Stain a soap failed to remove

January 7, 2016 12:58
3 min read

Soap operas - so-called because the earliest were sponsored by American detergent manufacturers - have become part of the staple television diet. Since the advent of "reality television", the soaps appear to have lost something of their lustre. But they are still extremely popular, dealing as they do, albeit in a fictional way, with issues to which millions of viewers can relate.

I find soaps predictable, therefore boring, and too often verging on the pantomime. But please don't think I'm being snobbish. I know plenty of academics - and plenty of Jews - who are soap addicts, and proud of it. I'm just not one of them. So I owe it to a colleague (a professor, no less) that I was last week made aware of an episode of EastEnders shown on BBC1 on December 24.

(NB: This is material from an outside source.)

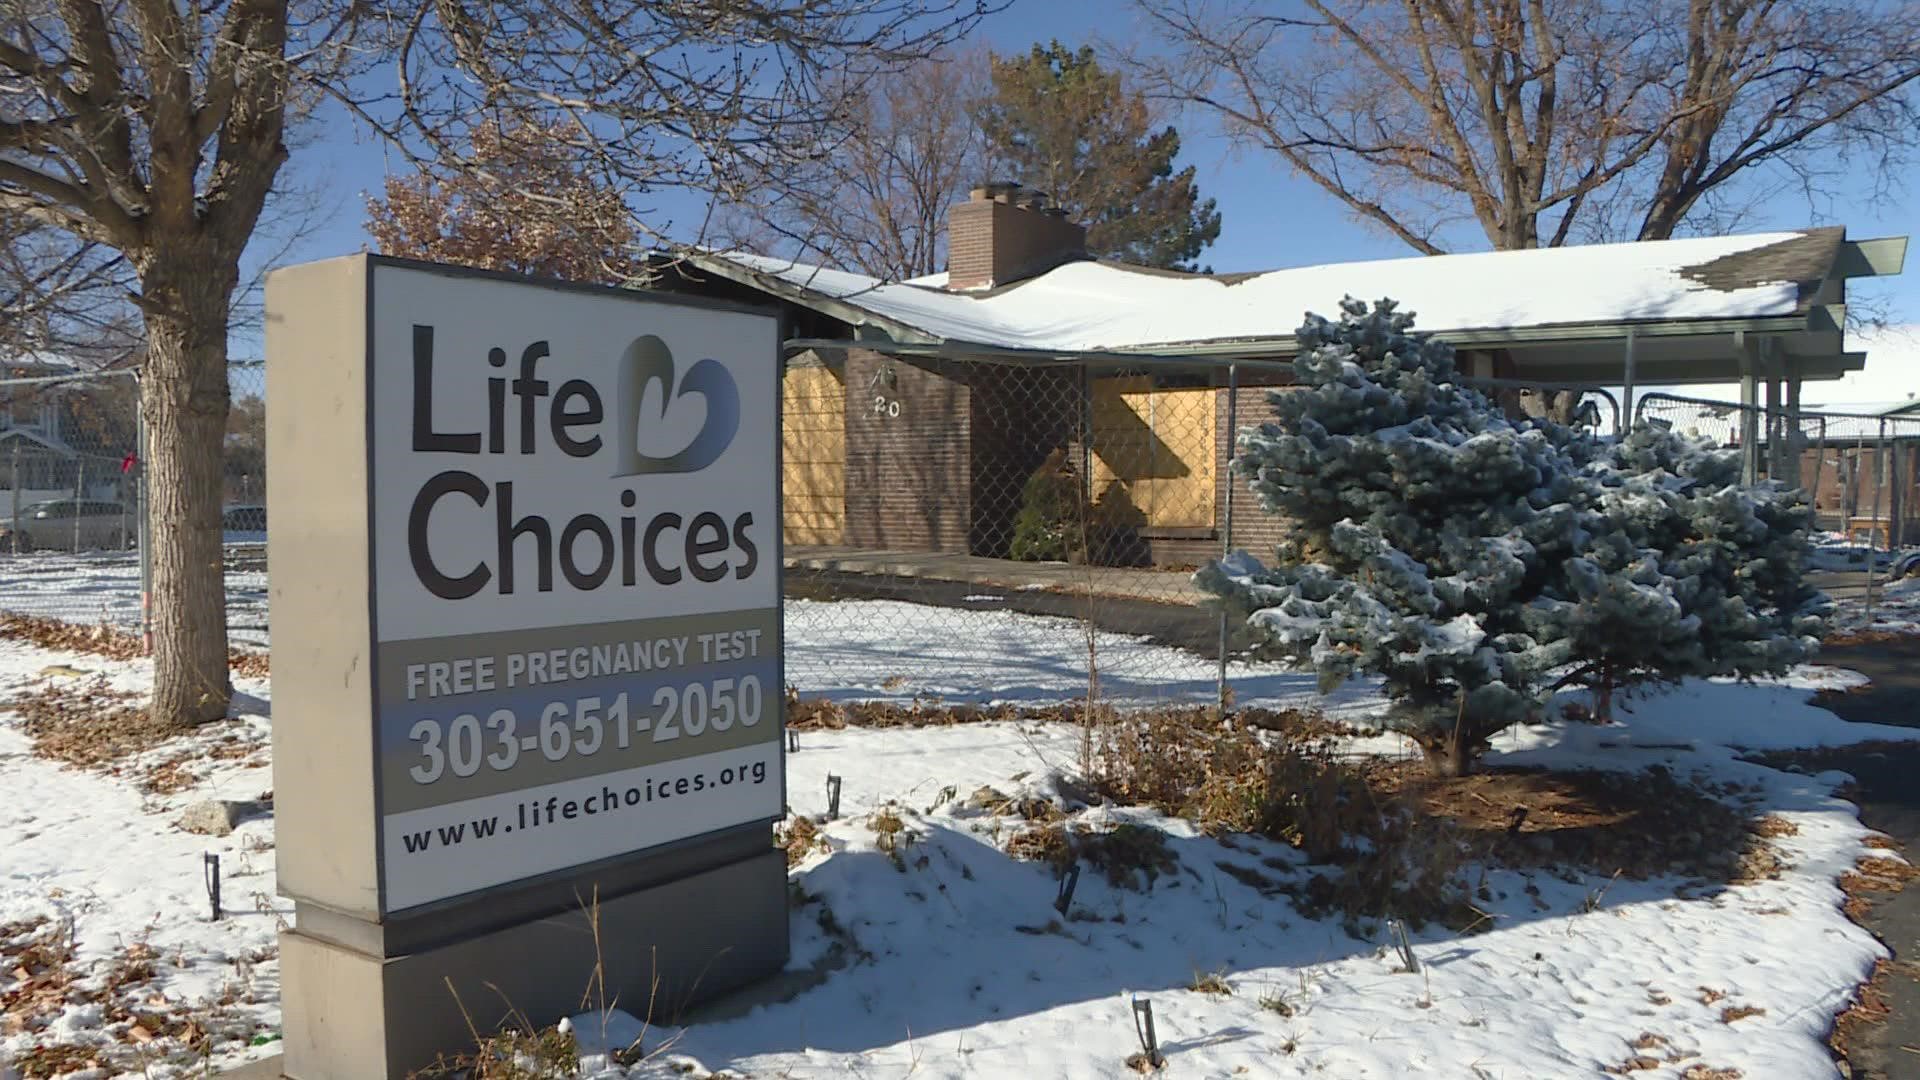 The FBI increased the reward for information leading to the arrest of those responsible for a fire at an abortion alternatives ministry in Longmont in June.

EastEnders (first aired almost 30 years ago) purports to tell the numerous and colourful tales of the multi-ethnic, multicultural communities living in and around Albert Square, positioned within Walford, a fictional borough located in London's East End. Not many Jews live in the East End now, and so it is hardly surprising that few episodes have focused on Jewish themes. But this one did - though I doubt that even those responsible for the script realised that this was the case.

This episode (available on BBC iPlayer) features a school nativity play. Two children take on the roles of Joseph and his wife, the very heavily pregnant Mary, trying to find somewhere to stay in Bethlehem. According to the Gospels of Luke and Matthew, and to the embellishments of various apocryphal texts, they were apparently refused admission to an inn, and had to make do with a stable, wherein Mary gave birth. But this was not the version retold in EastEnders.